[DATA EXTRACT — start]

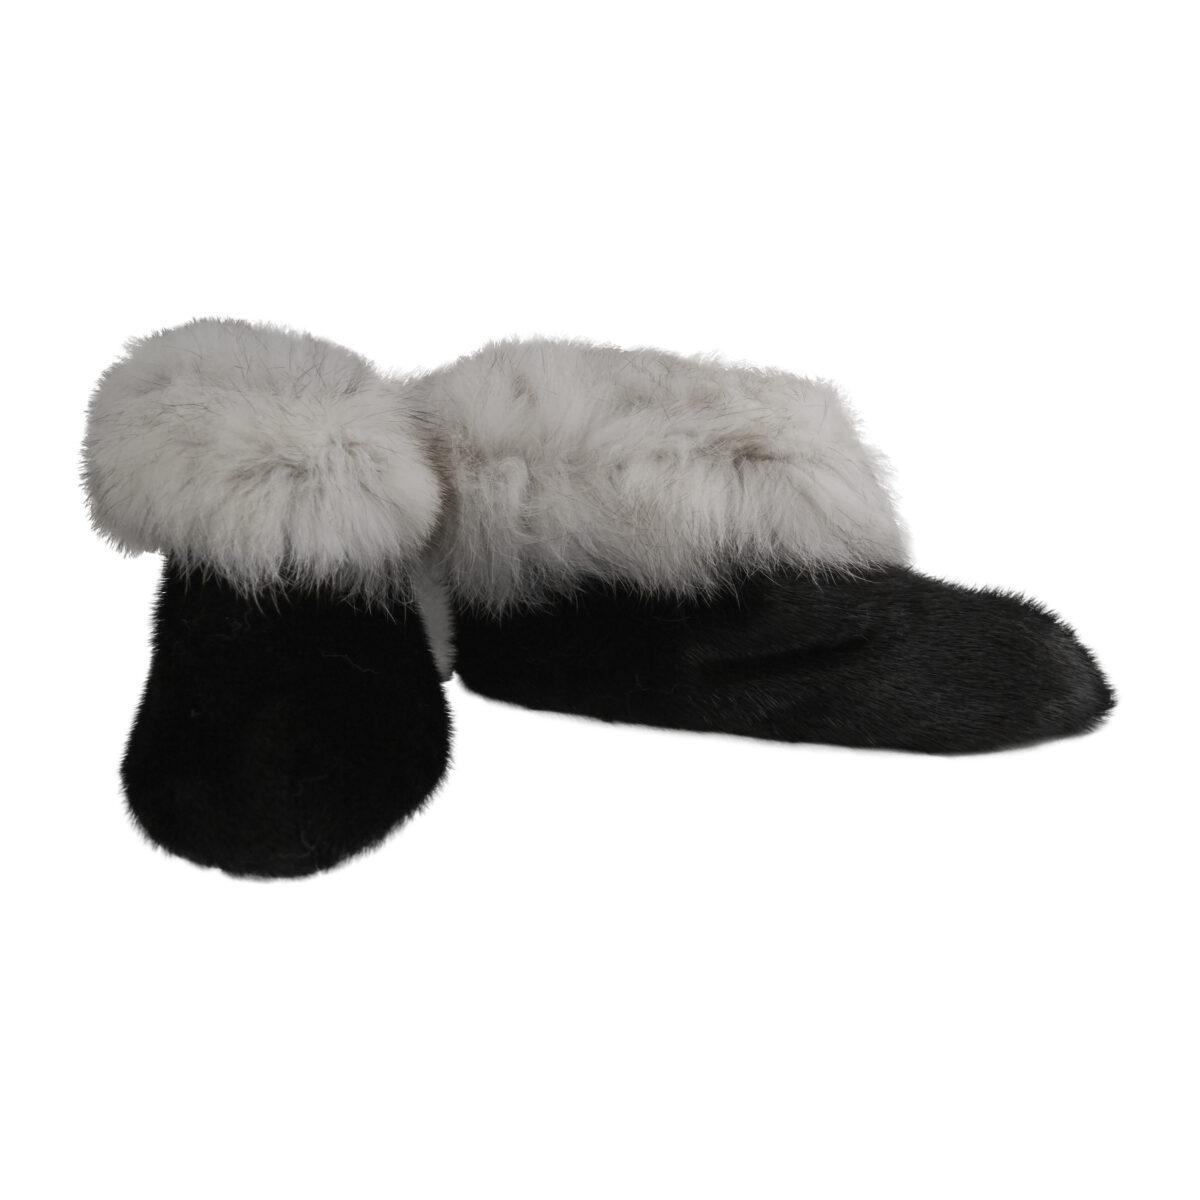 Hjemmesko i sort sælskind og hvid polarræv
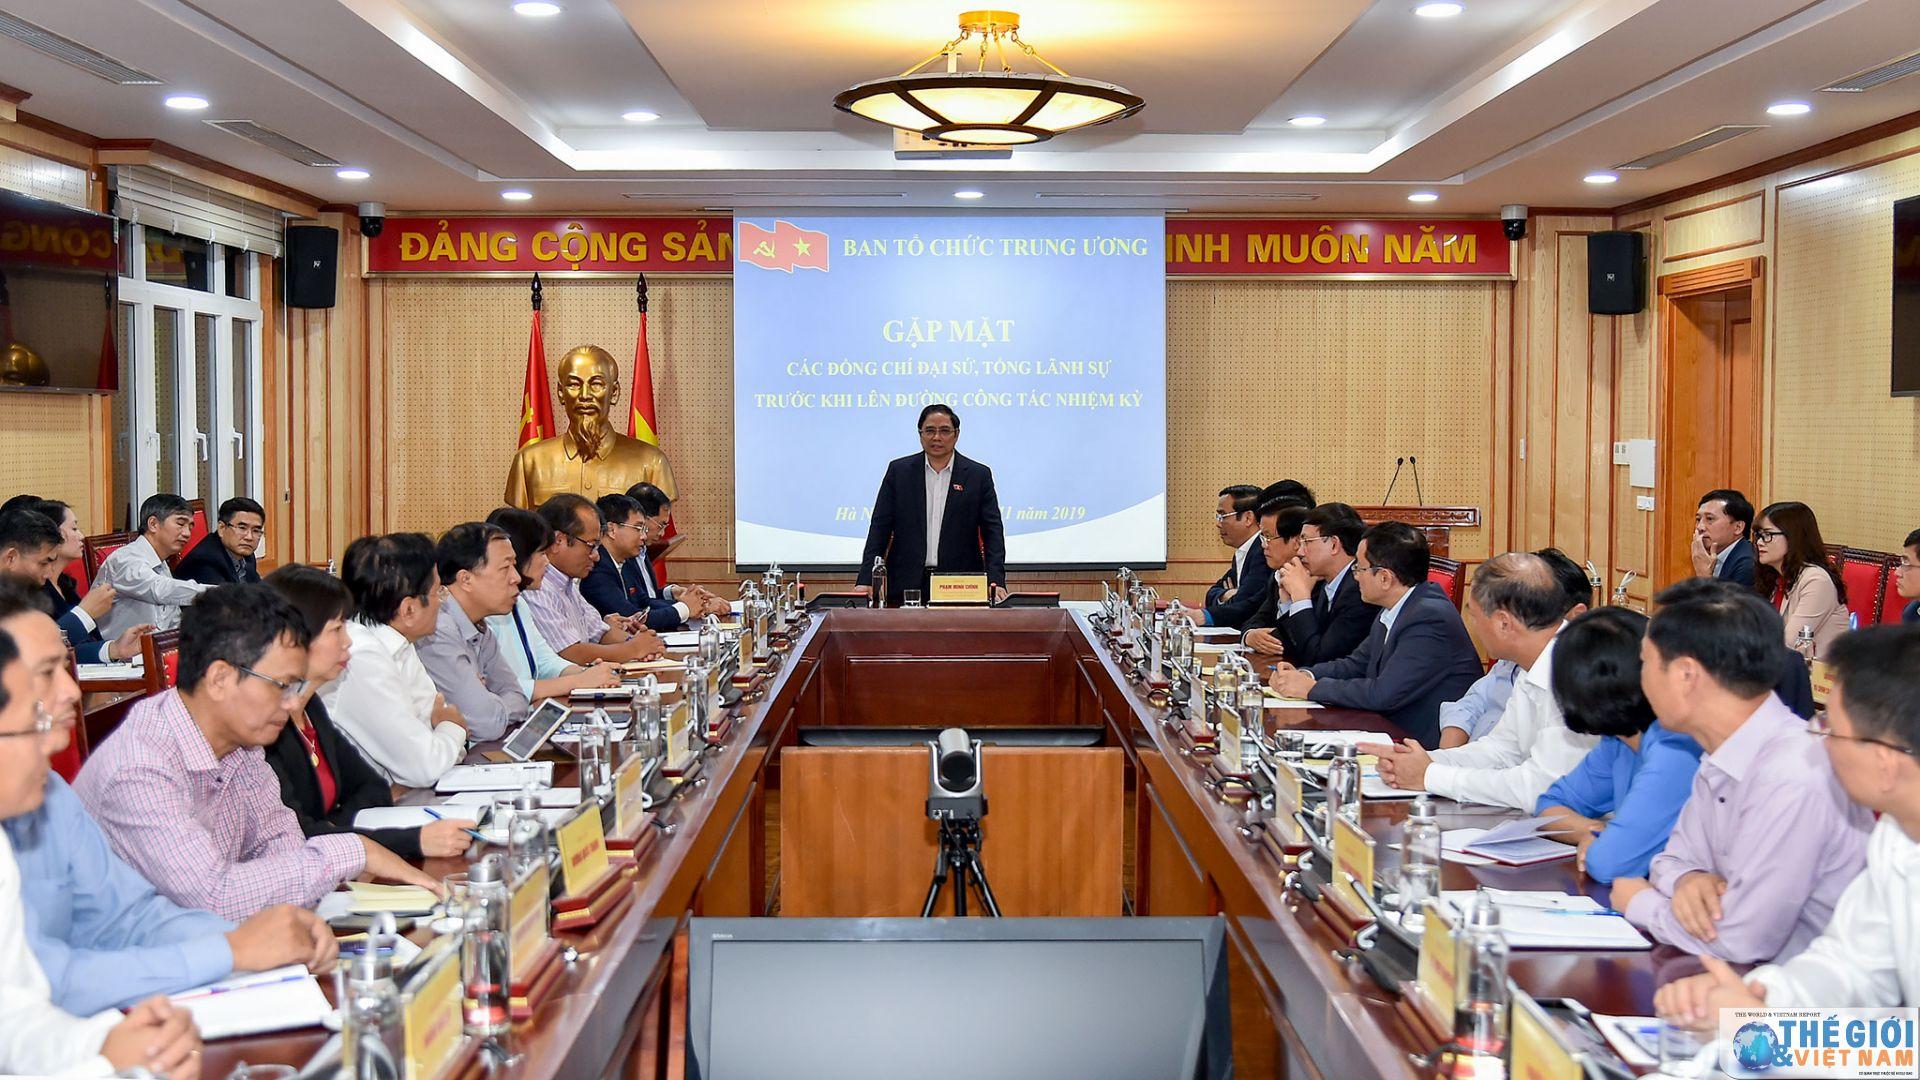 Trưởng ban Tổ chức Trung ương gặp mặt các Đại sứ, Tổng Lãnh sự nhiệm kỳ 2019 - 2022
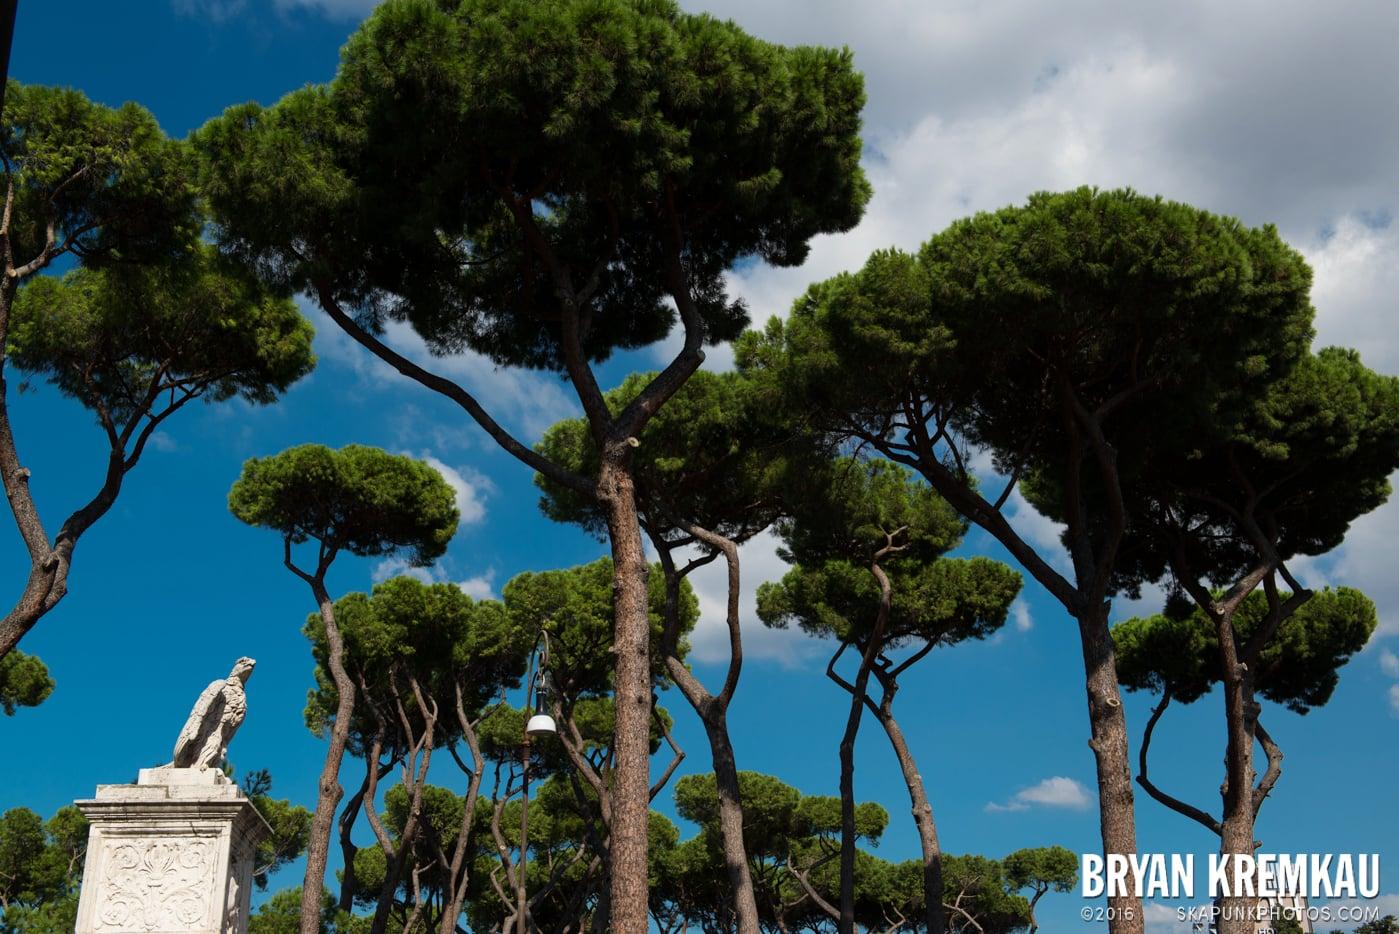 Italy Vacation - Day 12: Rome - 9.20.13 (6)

[DATA EXTRACT — finish]

- **GOAL OF THE EXERCISE**
Write out the data above precisely. Pictures stay out.

- **ANSWER SECTION**
 Hjemmesko i sort sælskind og hvid polarræv
 Trưởng ban Tổ chức Trung ương gặp mặt các Đại sứ, Tổng Lãnh sự nhiệm kỳ 2019 - 2022
 Italy Vacation - Day 12: Rome - 9.20.13 (6)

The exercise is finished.